En la Cañada
Una de las niñas cuyo hogar, una infravivienda, será derruida en breve y desalojada, junto a uno de los cientos de gatos que quedarán abandonados a su suerte.  JORGE PARÍS

La Cañada Real Galiana transcurre por Madrid como una columna vertebral que una mayoría de madrileños prefiere no ver, cuya existencia incluso desconocen. 14 kilómetros que parten de Coslada y pasan por la capital hasta terminar en Rivas Vaciamadrid, tocando casi el municipio de Getafe.

Personas de todo tipo de procedencia llevan asentándose en lo que fue una vía pecuaria hasta 2011 desde mediados del siglo pasado: inmigrantes rurales de distintas partes de España; madrileños que quisieron vivir allí o contar en esa zona con una segunda vivienda; españoles de etnia gitana; familias de Marruecos y Rumanía y poblaciones de otros núcleos chabolistas desmantelados. Una larga y heterogénea zona de asentamientos dividida en seis sectores en los que viven 7,283 personas, 2.548 de ellos menores de edad, según los últimos datos oficiales. El más poblado y conflictivo es el último, el sexto, con 2.953 habitantes, 1.211 de ellos menores.

De los animales que habitan el último sector la Cañada Real, desde perros y gatos hasta caballos, gallinas, cabras o cerdos vietnamitas, no hay censos.
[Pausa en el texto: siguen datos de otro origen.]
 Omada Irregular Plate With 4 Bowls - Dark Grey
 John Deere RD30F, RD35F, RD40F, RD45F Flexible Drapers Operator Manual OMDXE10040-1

Pero existen, a cientos.

Y no habrá censos, pero sí titulares. Si se busca en las hemerotecas, las noticias recientes protagonizadas por el maltrato animal se suceden. Noticias pequeñas, que pasan poco más que desapercibidas en medio de la vorágine informativa local: la Guardia Civil desmantela un criadero ilegal de gallos; la Policía rescata ocho galgos anémicos y malheridos; la Policía encuentra en una vivienda de la Cañada Real a 18 animales abandonados; la Policía rescata tres perros de caza en un zulo de cinco metros rodeados de excrementos, etc.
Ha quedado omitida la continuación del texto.